Research and practice clearly shows that play is fundamental for children’s health and well-being. Unfortunately, there continue to be barriers to giving children the opportunity for exploring and learning through free, self-directed play. The International Play Association Canada (IPA Canada) is working to promote the child’s right to play. In this blog, hear from Pierre Harrison, past president of IPA Canada as he discusses why play is so important and how participating in National PlayDay in August can help bring free play back into children’s everyday lives. 


Do you remember your parents telling you, as you ran out the door, to come back home when you were hungry or when the street lights come on? If not, then maybe I am showing my age! 

Play is the essence of childhood! And when children are given the time, space and freedom to engage in self-directed play, they nurture their well-being and acquire life-long skills. However, not every child has the opportunity to delve into spontaneous play. American psychologist Peter Gray has been looking at how children interact with their environments through their self-directed play and has noted that this type of free play has been steadily decreasing since the 50’s. At the same time, anxiety, depression and suicide have been increasing in children and youth (Gray, 2011). In Ontario, the Centre for Addiction and Mental Health (CAMH) reports that amongst students from Grade 7 to 12, over one-third (39 per cent) indicate a moderate-to-serious level of psychological distress (symptoms of anxiety and depression) (CAMH, 2017). 

There are many barriers to children’s play. The top three are a lack of time, space and understanding by adults of play’s importance.
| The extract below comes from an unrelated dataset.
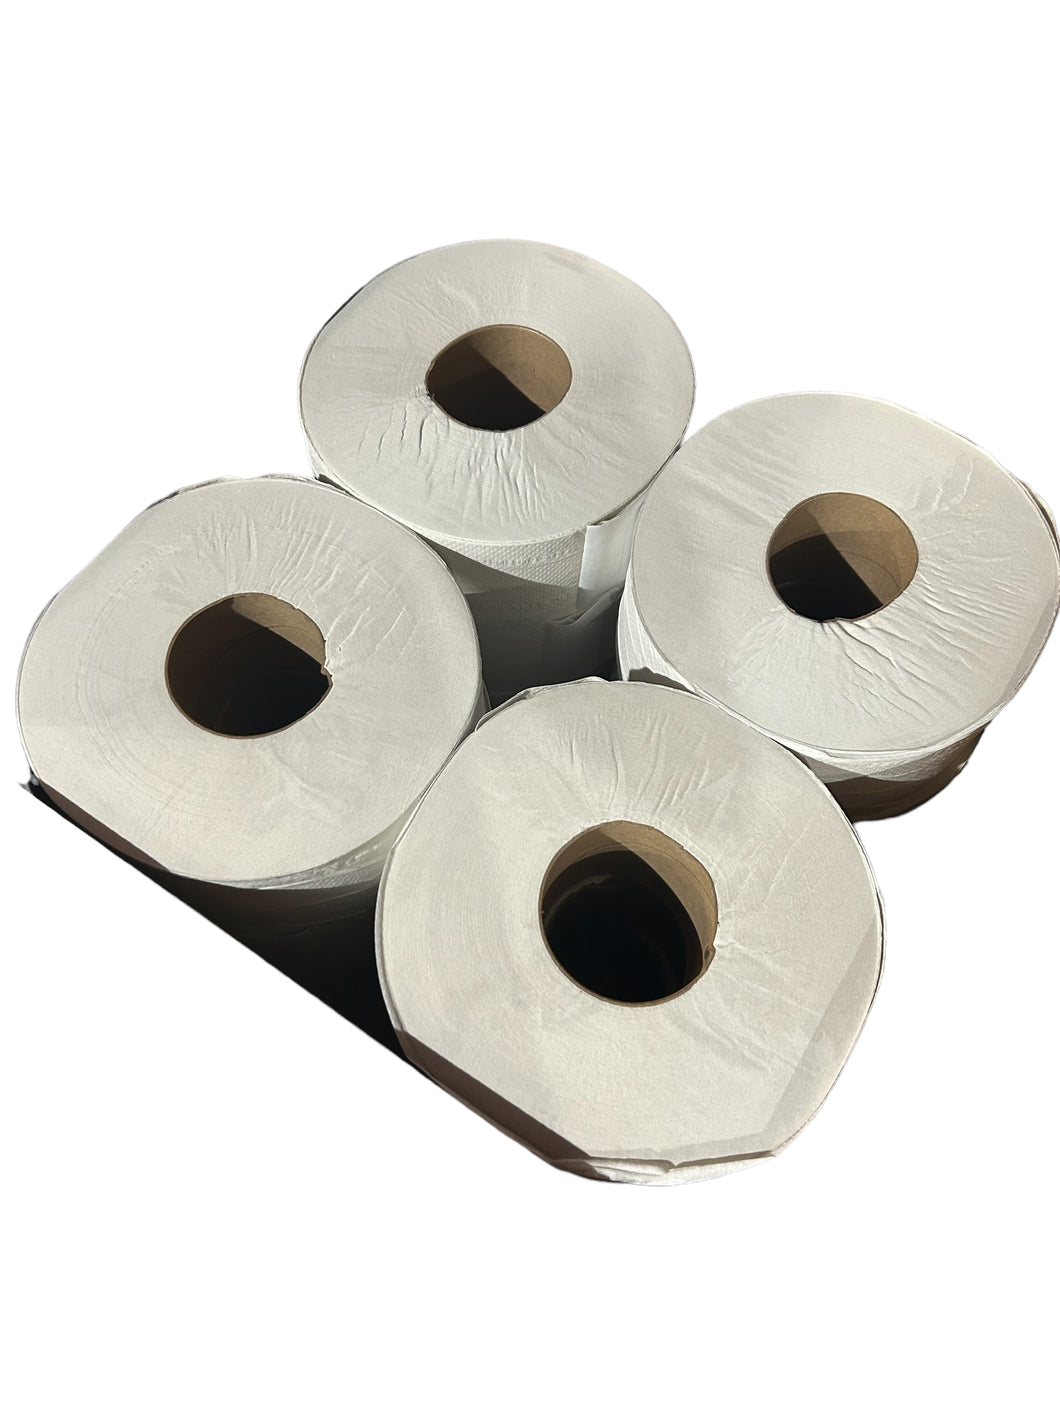 TOUGH GUY, 31KY17, Toilet Paper, 2 Ply, Continuous Roll - FreemanLiquidators - [product_description]

Our society has become so focused on safety and academic achievement that we have lost sight of the overall well-being of our children. Adults hyper-structure and hyper-control children’s time in order to keep them safe and to prepare them for the future. By doing so, we actually do the opposite. 

It is well-established through research and practice that play is essential to a child’s physical health and emotional well-being. Play stimulates all aspects of a child’s development, i.e., the physical, social, cognitive, emotional and spiritual aspects. It is through their self-directed play that children, armed with curiosity and a spirit of inquiry, explore their physical and social environments and construct knowledge about the world around them. It is through their various types of play that children prepare themselves for life: when they are allowed to explore risk, they learn to identify and evaluate situations in order to take risks that are appropriate to their abilities; when they play with others, they learn to collaborate and negotiate social interactions; when they are free to explore various materials and tools they nurture their imagination, creativity and develop their problem-solving skills. When children are free to explore the world around them, they will face stress and difficult situations which will allow them to acquire coping skills. This nurtures children’s resilience and self-confidence which will help them navigate all of life’s challenges.

The IPA Canada has been promoting this type of child-structured, free play for decades. Our National PlayDay initiative, which we rebooted in 2018, aspires to shine the spotlight on play in order to build awareness for its importance in children’s healthy development. IPA Canada has declared the first Wednesday of August as National PlayDay and encourages municipalities, community groups and individuals to host a play day on that day or into the weekend to spark conversations around the fundamental necessity of play. For more information about play and National PlayDay, please visit our website  where you can download our free PlayDay manual.  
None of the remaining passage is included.